This recipe contains:

  • Dairy

Last updated 28th August 2022

Added 28th August 2022

Recipe by Alison Peters

Gluten Free Cheesy Chicken and Chilli Spaghetti Bake

Ingredients

180g grated cheddar (or reduced fat cheddar)
180g grated mozzarella
25g parmesan
1.5tbsp cornflour
3 chicken breast fillets
400ml chicken stock
8 rashers of bacon
2 garlic cloves
1tbsp smoked paprika
1tsp black pepper
1tsp onion granules
2 large chillis
200g quark (this is a low fat spreadable cheese to cut the cals down, but if preferred use 200ml double cream for extra indulgence)
125g philadelphia
350g gluten free spaghetti

Method

  1. Mix the 3 cheeses and cornflour in a bowl and set aside.

  2. Pour chicken stock in a pan and add the chicken breasts poach for about 15 mins until cooked through, remove and then shred using 2 forks.

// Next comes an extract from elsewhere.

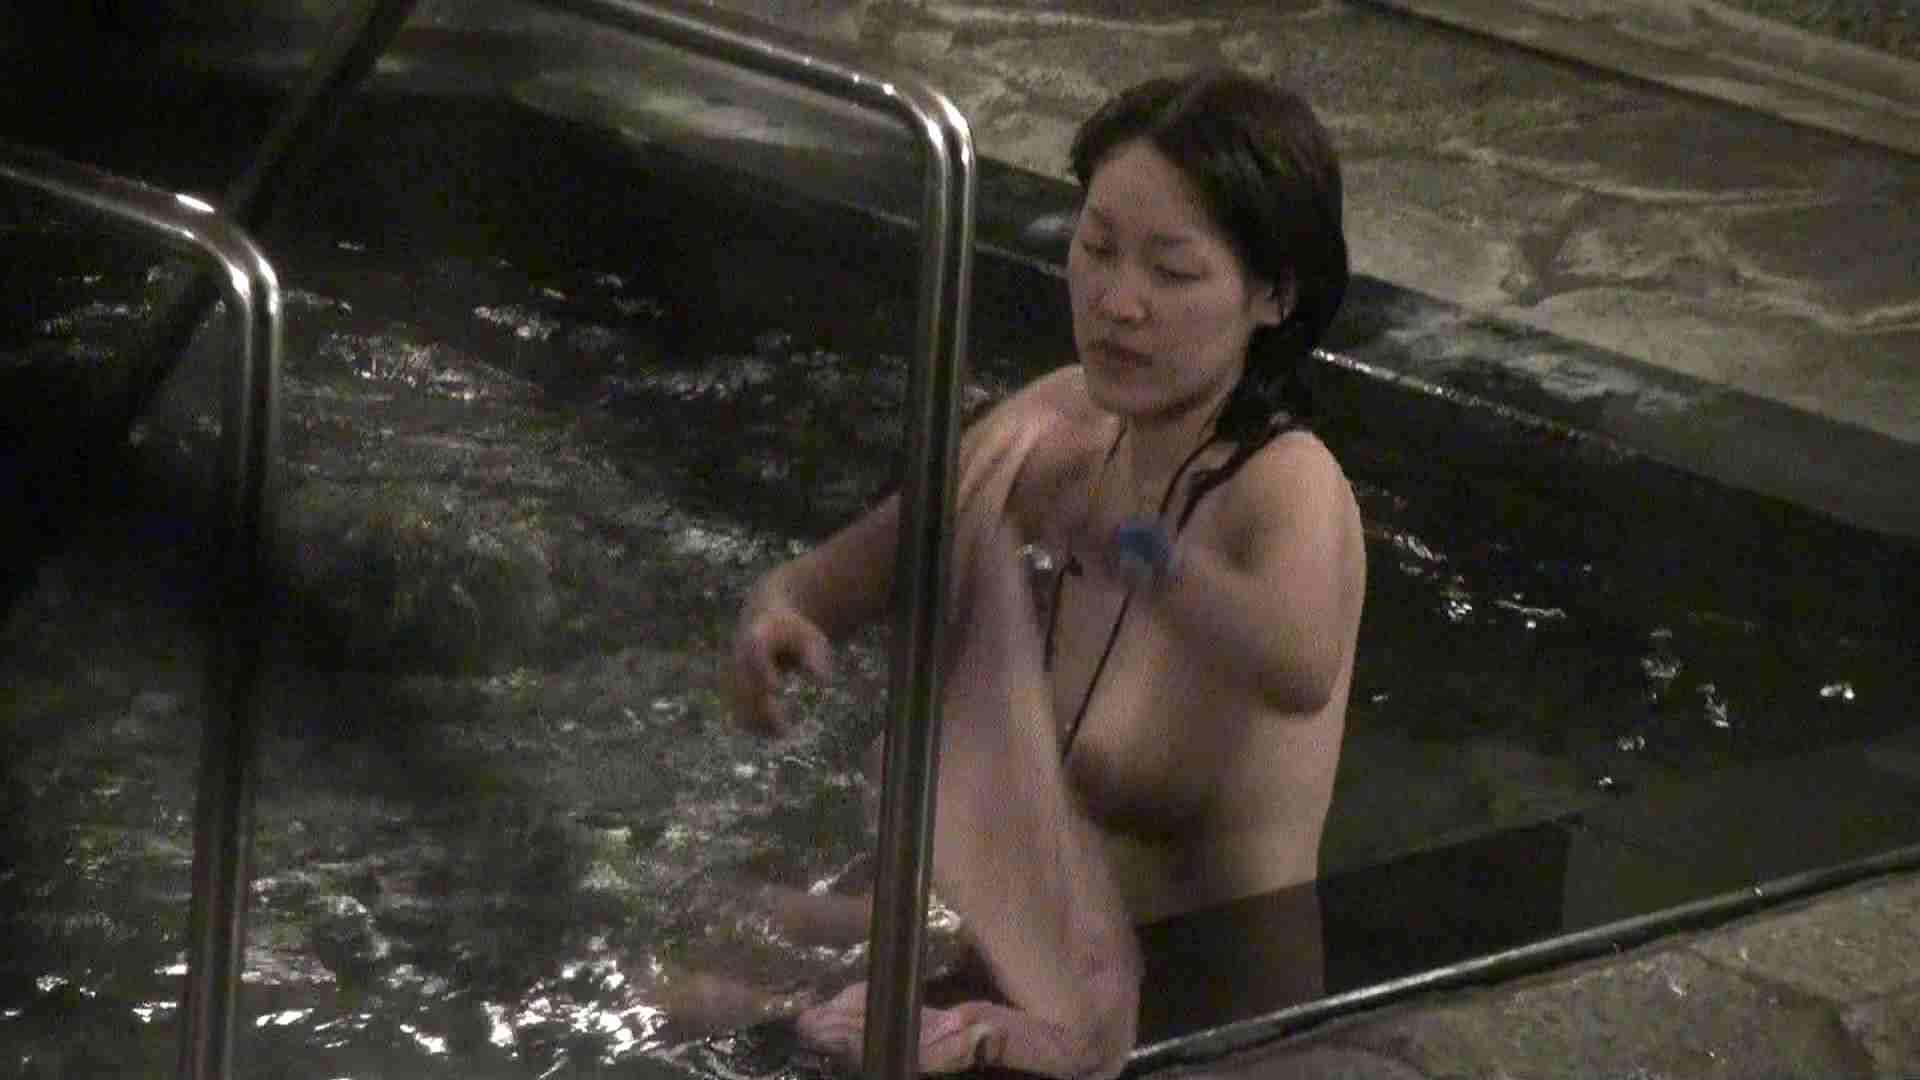 Aquaな露天風呂Vol.414 盗撮師作品  75pic 39

Reserve 200ml of the stock for later.

  3. Roughly chop up the bacon and fry in a frying pan, once nearly cooked add crushed garlic, paprika, pepper, chillis (roughly chopped into small pieces) and onion granules along with the reserved stock.

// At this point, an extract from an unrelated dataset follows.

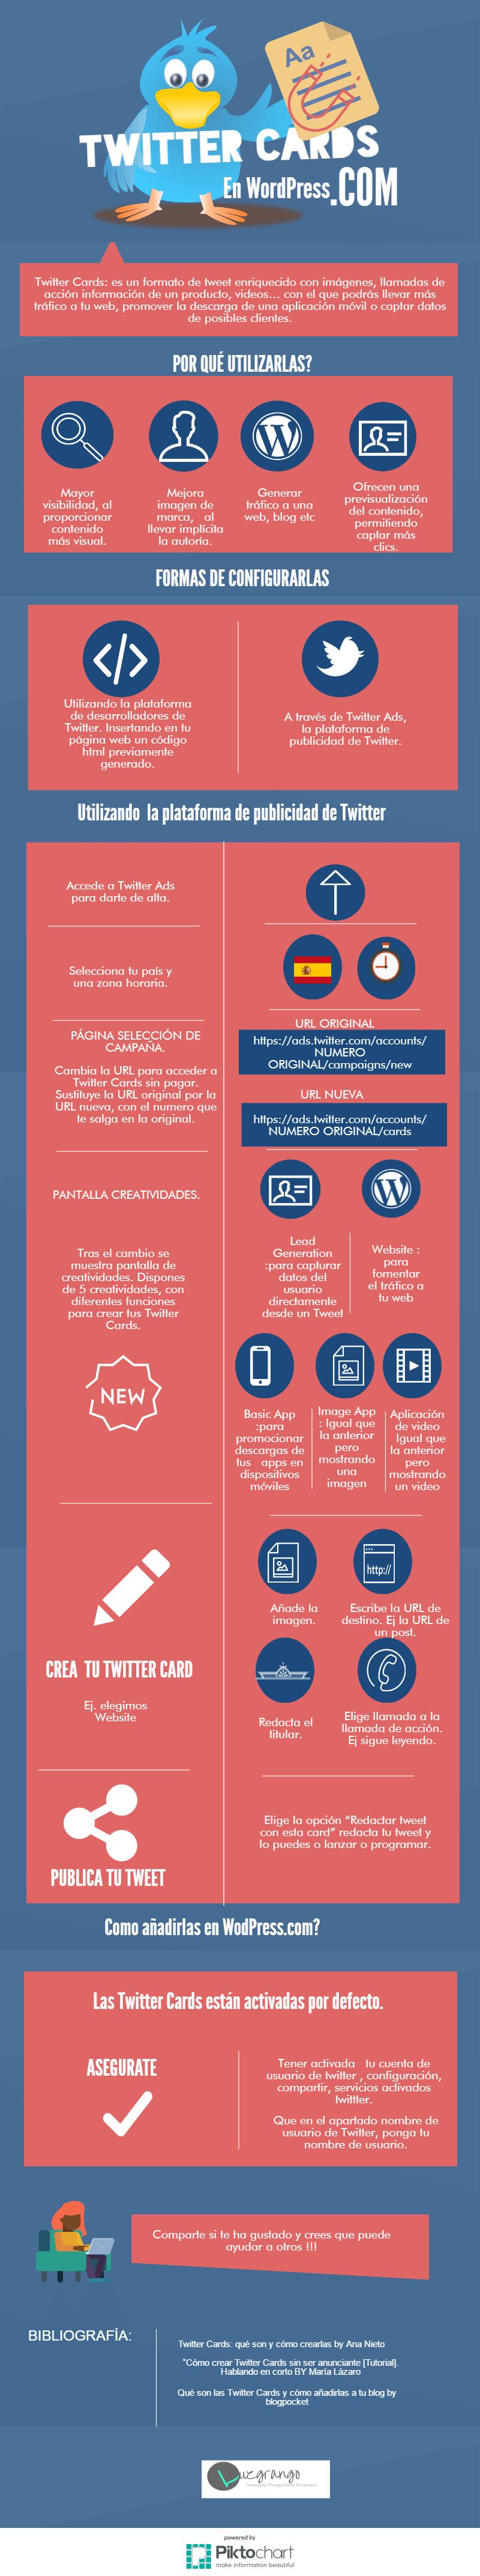 Twitter -Cards-Infografia-wordpress.com

  4. Bring the pan to the boil and then simmer until reduced by half - this will take around 5 mins.

  5. Cook spaghetti in a separate pan of boiling water until al dente (or not quite fully cooked). Reserve 200ml of pasta water.

  6. Once the stock is reduced, stir in the quark/cream and philadelphia, remove from heat once it starts to combine. Stir in the shredded chicken, 200ml of the pasta water, the cooked spaghetti plus half the cheese mix and stir well to combine.

  7. Pour into a large oven dish and sprinkle remaining cheese over the top, bake for about 20 mins on gas 5 until brown.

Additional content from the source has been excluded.